Он швырнул на стол массивный кулак, от чего кубки дрогнули, а куски хлеба едва не соскользнули на пол. С ним рядом сидели ещё двое: один поменьше ростом, с каштановыми спутанными волосами, в броне куда более скромной и потёртой, а другой – чужеземец, скварниец, с рунами, будто выжженными на смуглой коже от лица до самых запястий. Они сидели чуть позади Хартинсона, и потому их разговор без помех долетал до его ушей. Поймав чужой взгляд, парень быстро отвёл глаза, сделав вид, будто занят только своей порцией еды.
– У нас в горах это хорошо известно! – горячился скварниец, выпрямляясь и почти выкрикивая слова с певучим, тягучим выговором. – Верховное королевство Хеллорданар, откуда я родом, и Верховное королевство Фаурахрас, откуда я ныне прибыл в эти ваши земли, уже давным-давно на служении короне! Не называй меня чужаком, Свирепый! Мы такие же норды, как и вы, равнинные, хоть и с других холмов!
– Ага, Лорс!

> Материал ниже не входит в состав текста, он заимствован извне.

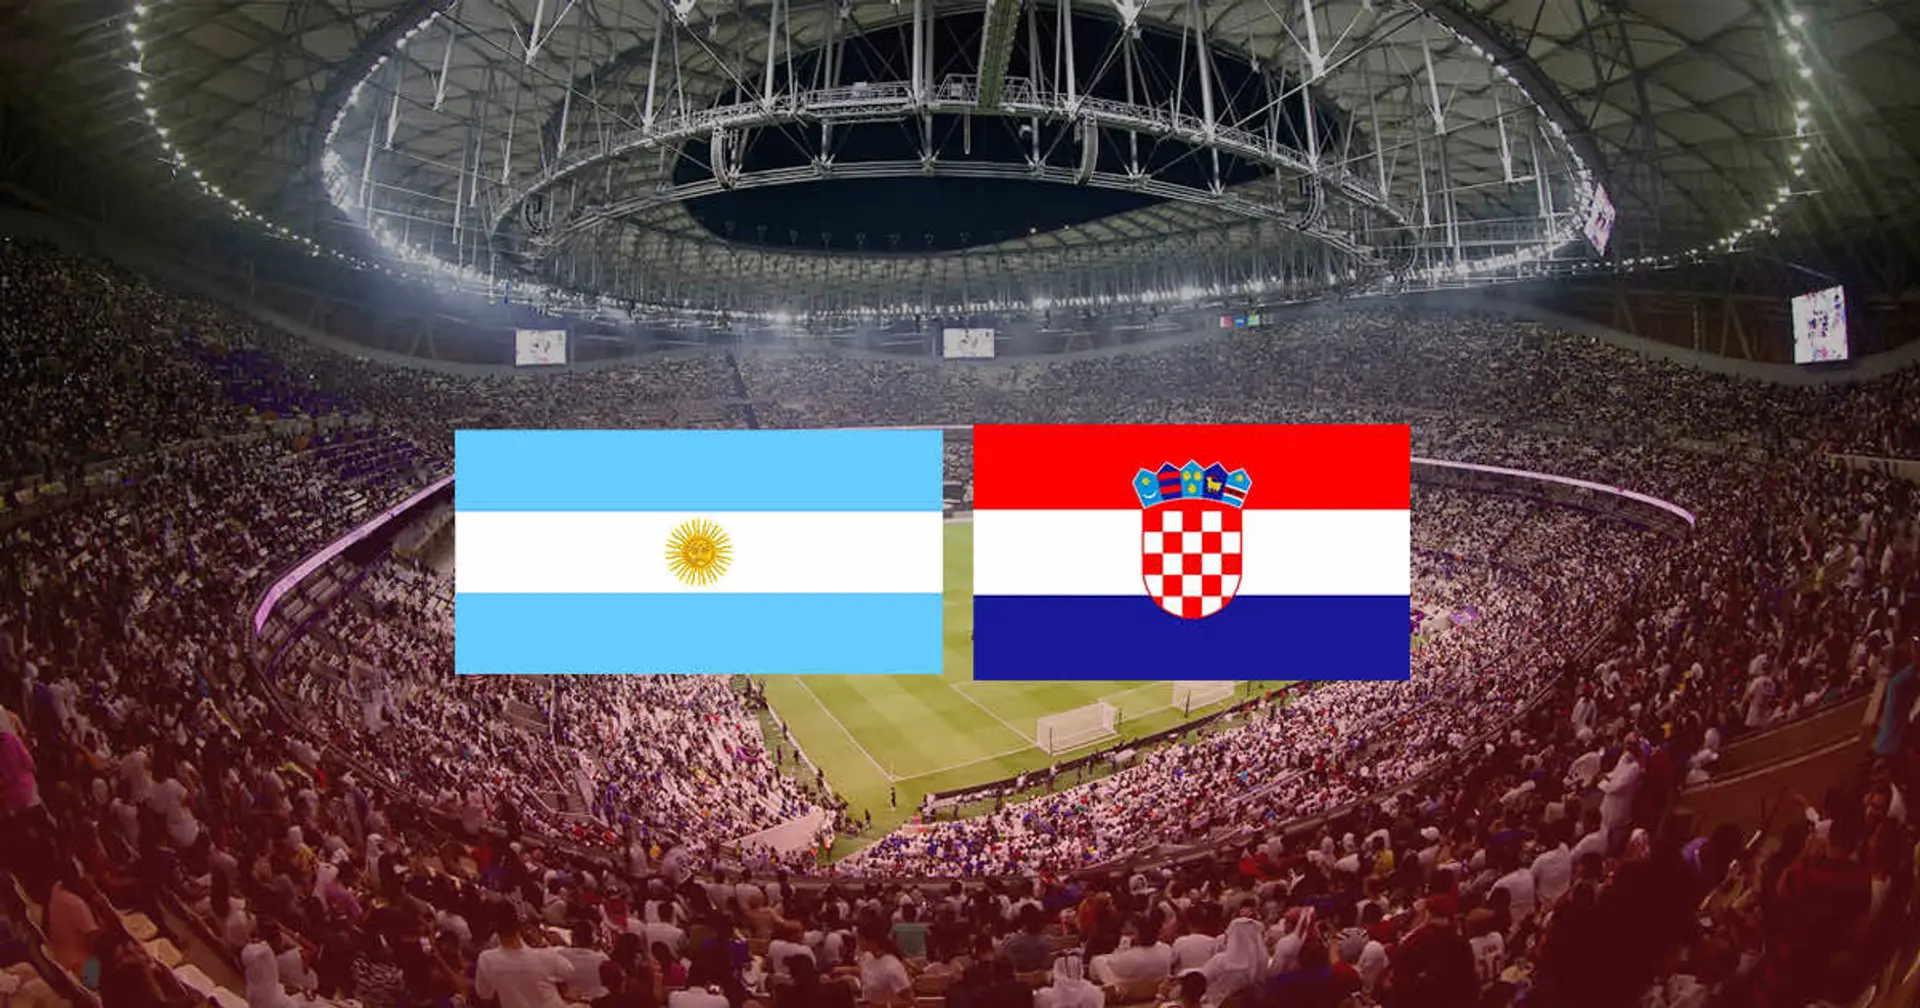 Argentina vs Croatia: Official team lineups for the World Cup clash revealed

На услужение интегриро… интериро… – попытался вставить норд, но язык его запутался, а ладонь бухнула по столу с такой силой, что посуда загрохотала, звеня как колокольцы. – Чёрт!

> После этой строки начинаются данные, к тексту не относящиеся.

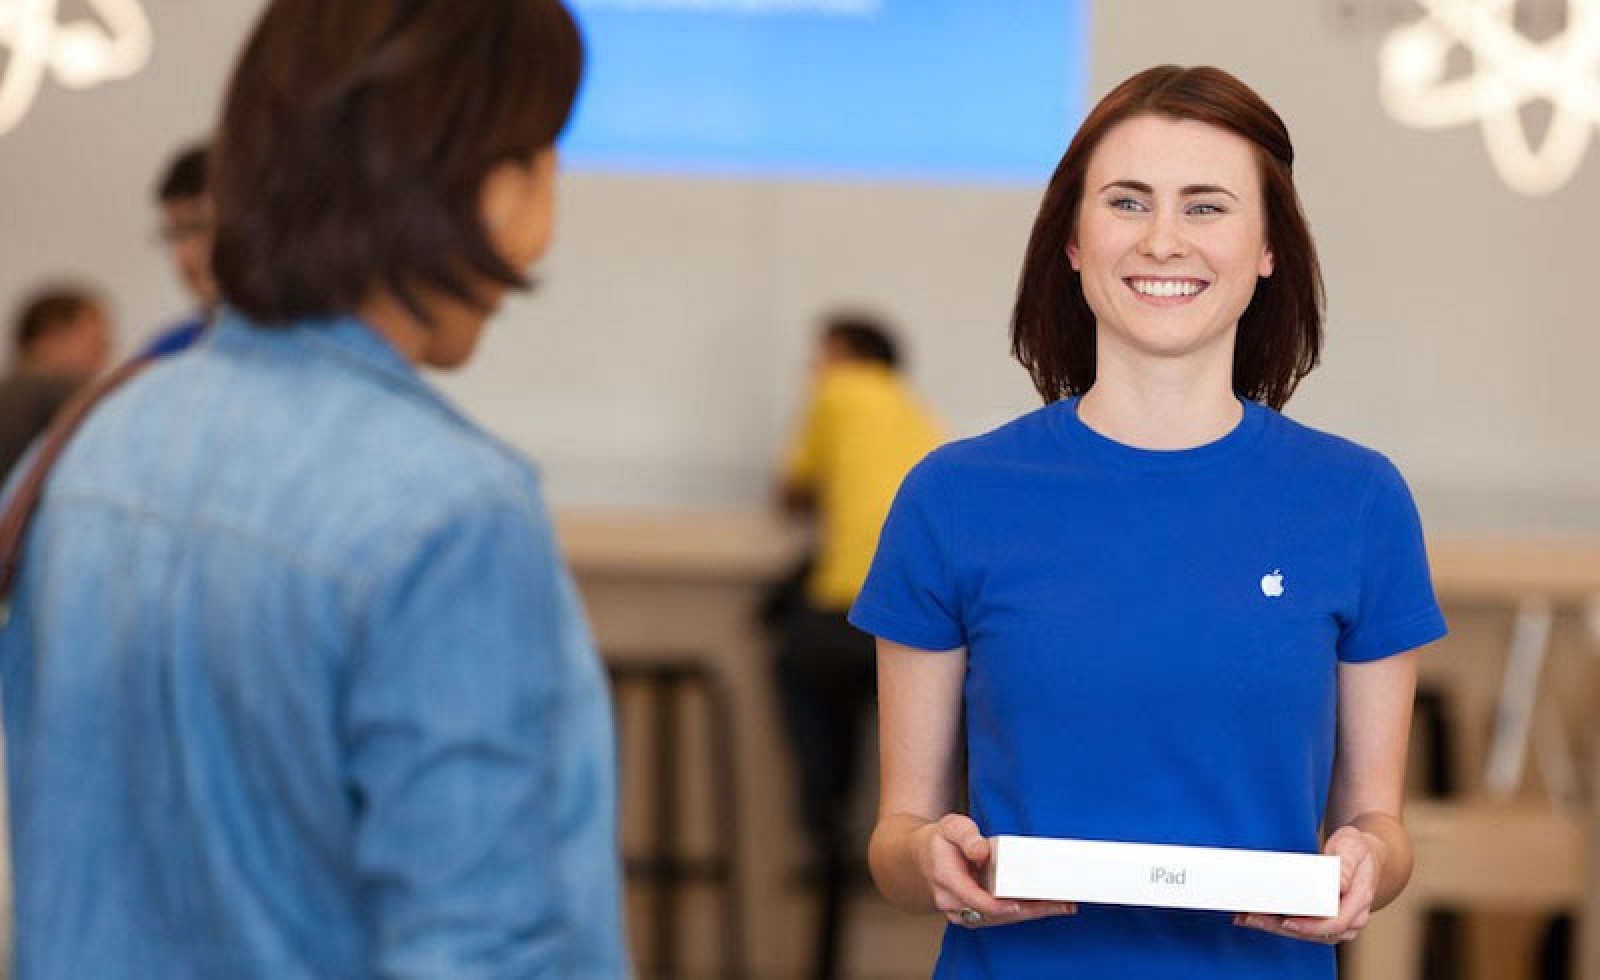 Personal Pickup - Apple employee delivering an iPad to a customer

– Интегрированные? Ха-ха-ха-ха! – расхохотался скварниец, оскалившись во весь ряд крепких желтоватых зубов. – О Шор, да брось ты это на душу!
– Хеллорданар… и Фаурахрас, говоришь? – влез в перебранку второй норд, почесав подбородок. – А это где вообще?

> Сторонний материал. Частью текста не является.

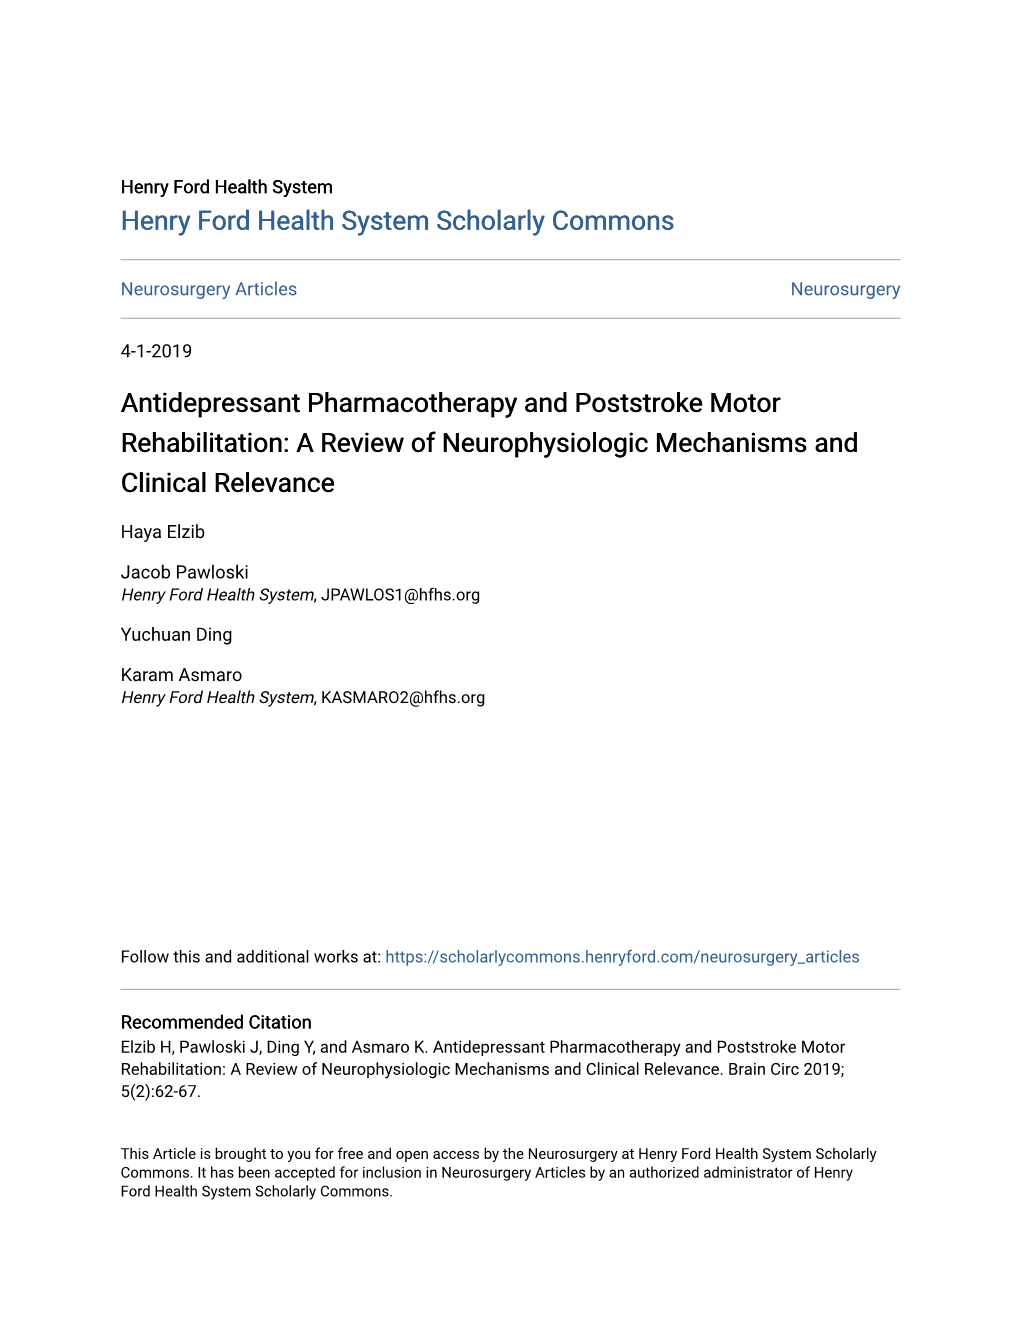 Antidepressant Pharmacotherapy and Poststroke Motor Rehabilitation: a Review of Neurophysiologic Mechanisms and Clinical Relevance

– Вот! Вот о чём я и толкую! – воскликнул скварниец, разводя руками. – Вы даже не ведаете, где находится Северный и Южный Сквар! Индриг, да на вас бы карту в детстве смотреть учить!
– Знаем, это он просто скупой дурак. – отмахнулся норд. – Да, Тирл? Император архарождённый, поскольку он… чёрт!
– Да! – вскричал скварниец, громыхнув снова по столу так, что пиво перелилось через край кружки. – Да, чёрт бы нас побрал! Я об этом и говорю – он не посещал башню Шооль’варасс, дабы возжечь там Огни Палленальере!
– Шооль’варасс не посещали с момента… Чё-ё-ёрт… а посещали ли её после Олафа и его войска, Но’ордаторун?
– Посещали, но очень давно. – отозвался Тирл, откинувшись на спинку скамьи. – Около двух сотен лет тому в быль.
– Но это не утверждает то, что он драконокровный. – нахмурился первый норд. – Столп тут не при чём, покуда он носит Амулет и соблюдает обет защиты мира. Наш правитель способен использовать возглас, как и другие императоры до него.
– Возглас13 подвластен всем! – возразил скварниец. – И архарождённым и архакровным. Может он, правитель наш, вообще арха-нтуро!
– Людоящер? – удивлённо воскликнул трактирщик, который всё это время, наклонившись над стойкой, подслушивал разговор. – Те, что с домов болот Гроти-Самел, аль с далёкой империи арха-тсюке?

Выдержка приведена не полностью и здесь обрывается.